Я задыхалась от волнения и слышала, как покашливал рядом
Ярун. Мы задами миновали деревню, оставив её по левую руку, и нагнали девушку с
парнем.
– Якко!.. – издали окликнула его раскрасневшаяся
Велета. – Якко, эй!
Он обернулся, и я узнала Славомира.
– Быстренько ты, – по-словенски сказал он Велете,
стараясь больше для нас. – Да с добычей!..
Мы поздоровались. Ярун принялся неуклюже объяснять, зачем мы
пришли. По-моему, он был очень доволен, что нарвался не на вождя.
Молодой варяг слушал вполуха, щуря смеющиеся глаза и
поглядывая на меня, и я боялась всё больше. Наверняка он давно забыл обещание,
в шутку брошенное когда-то, и ему не терпелось узнать, какая нелёгкая принесла
меня в Нета-дун. Но он был здесь хозяин, а вежливые хозяева приступают с
расспросами к гостю не прежде, чем гость оттает с мороза, оживёт и сытно поест.
Его спутнице скоро наскучило ждать; она недовольно дёрнула
плечом под вышитой свитой и пошла дальше одна. Славомир и не заметил.
– А где Бренн? – спросила Велета. Бренн!.. Меня
как толкнули. За ворот хлынули муравьи. Я слышала уже это имя… И мне было
страшно, когда я его слышала прошлый раз. Я это помнила точно.
Славомир ответил беспечно:
– У Бренна Марах опять застоялся. Да вон он, на льду…
Сейчас здесь будет.
Бренн, лез ва, наконец припомнила я. Голос Славомира помог.
А я-то гадала, как на самом деле звали вождя. Ой, щур, спаси меня, щур!..
Я вгляделась, заслоня глаза рукавицей. У берега были сделаны
лунки; согнувшись, сидели над ними терпеливые рыболовы – мальчишки, удившие
рыбу на ужин. Я увидела всадника, подъехавшего к лункам. Мальчишки тотчас
окружили его, наперебой принялись хвалиться уловом, гладить коня. Всадник не
гнал их. Я робко понадеялась, вдруг к добру?
Потом он тронул коня и рысью пустил его к берегу. Я напрягла
зрение… это в самом деле ехал Мстивой, и спасения не было. Ни спасения, ни
отсрочки.
Он заметил нас, ждавших его, шлёпнул ладонью по сытому
крупу, и жеребец взнял наверх сяжисто и легко, точно и не сидел на нём человек
в меховых сапогах и зимнем плаще. У копыт шерсть коня была почти чёрной, а выше
светлела круглыми пятнами, блестевшими, как старое серебро. Разумные добрые
глаза оглядели нас и запомнили. Конь налетел, Мстивой соскочил наземь и
перекинул поводья через луку седла. Жеребец зафыркал и прыгнул в сторону, как
играющий хорь – спинка дугой. Подбежал к Велете, упёрся лбом и начал тереться.
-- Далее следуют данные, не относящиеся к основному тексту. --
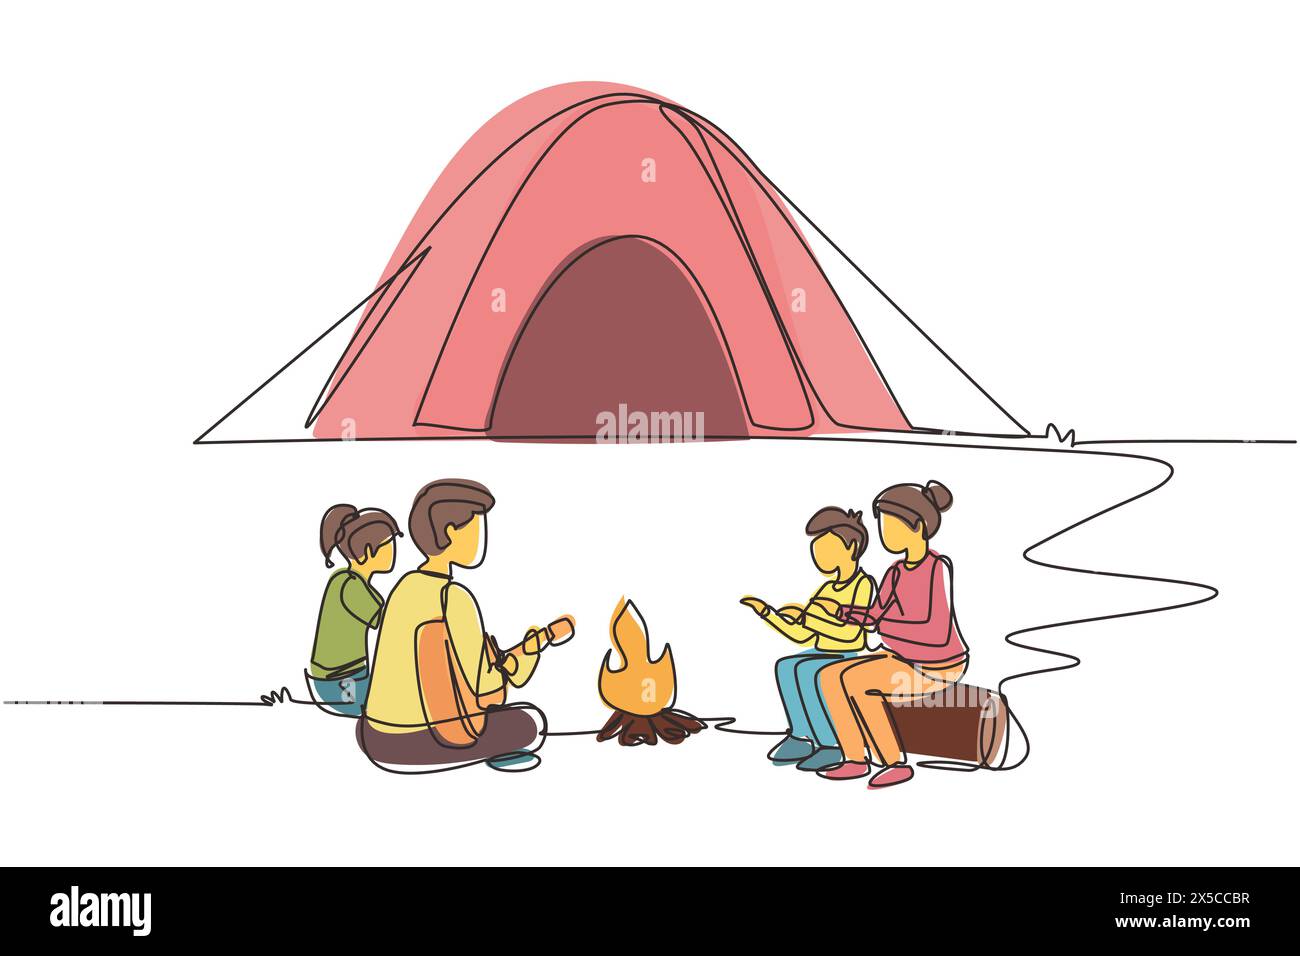 Una sola linea che attira la famiglia del campeggio scalda il corpo intorno alle tende da campeggio. Papa' che suona la chitarra, mamma e bambini seduti a terra e i tronchi, canta la canzone Illustrazione Vettoriale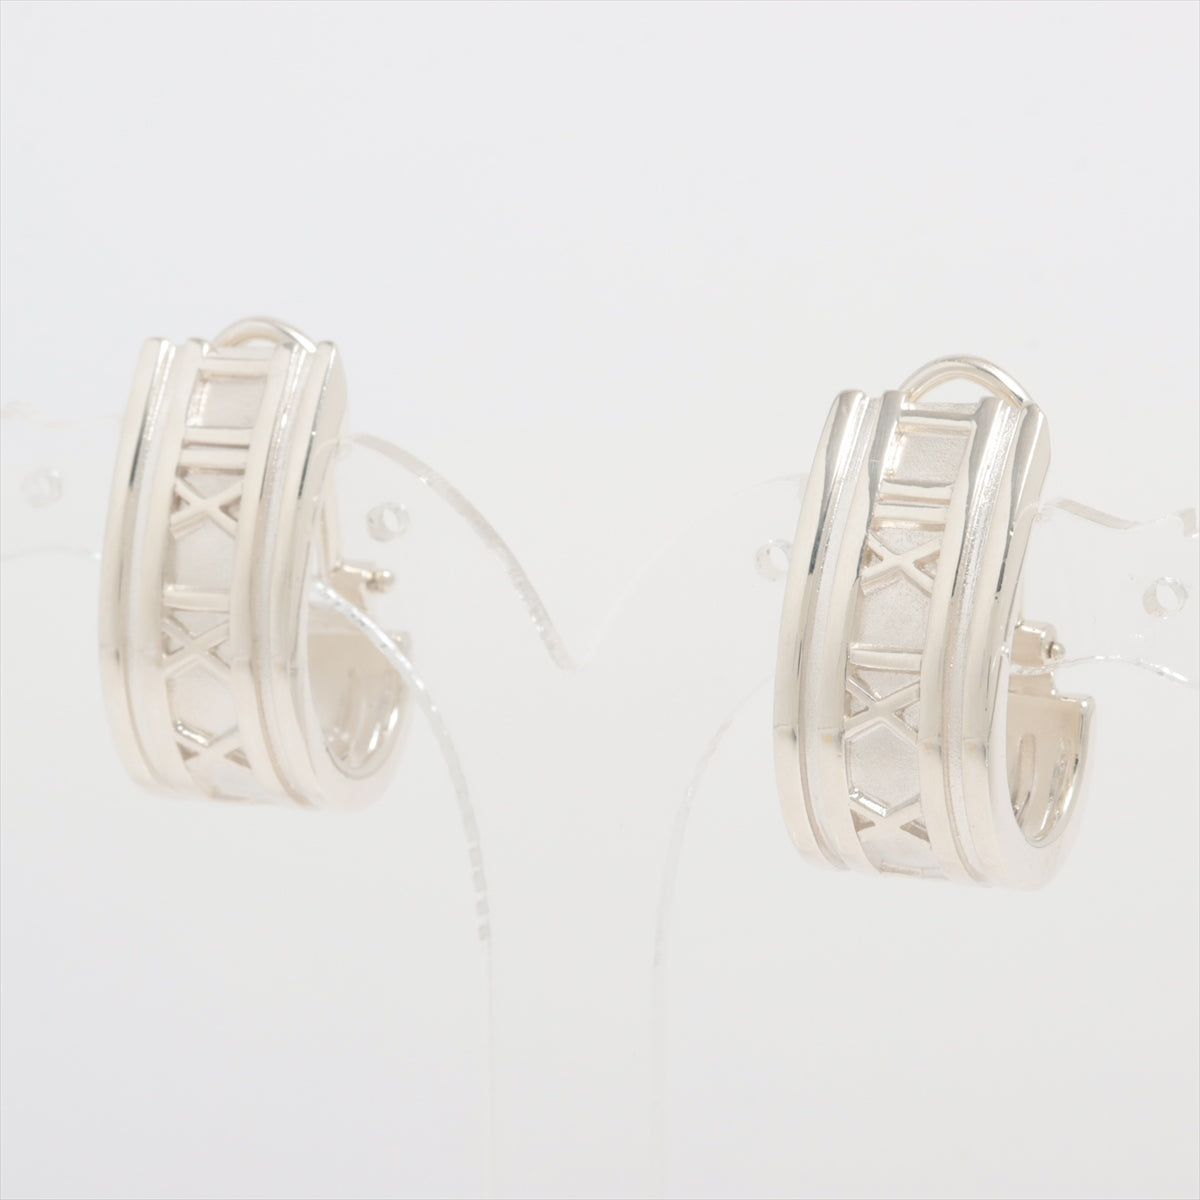 Tiffany Atlas Earrings (for both ears) 925 14.8g Silver

Велета наступила лыжей на лыжу и обняла баловника за шею:
– Марах, бедненький! Совсем тебя Бренн загонял…
…Но всё это я замечала каким-то краем сознания, ибо рука уже
комкала шапку, и спина сама гнулась перед вождём.
– Здрав будь, воевода… – выговорили мы с Яруном
тряскими голосами. Меж тем из ворот друг за другом выглядывали любопытные
воины; косища моя разостлалась поверх кузовка, и кто-то раскрыл рот в
изумлении:
– Девка!
– Ну вот!.. – захохотал Славомир. – Кому
сказывали – придёт?
Тут посыпались шуточки из тех, какими всегда полон рот почти
у каждого парня. Сам вождь молчал, не оказывая ни радости, ни гнева, но мне
что-то подсказывало – он был бы рад пришибить веселившихся о брёвна забрала.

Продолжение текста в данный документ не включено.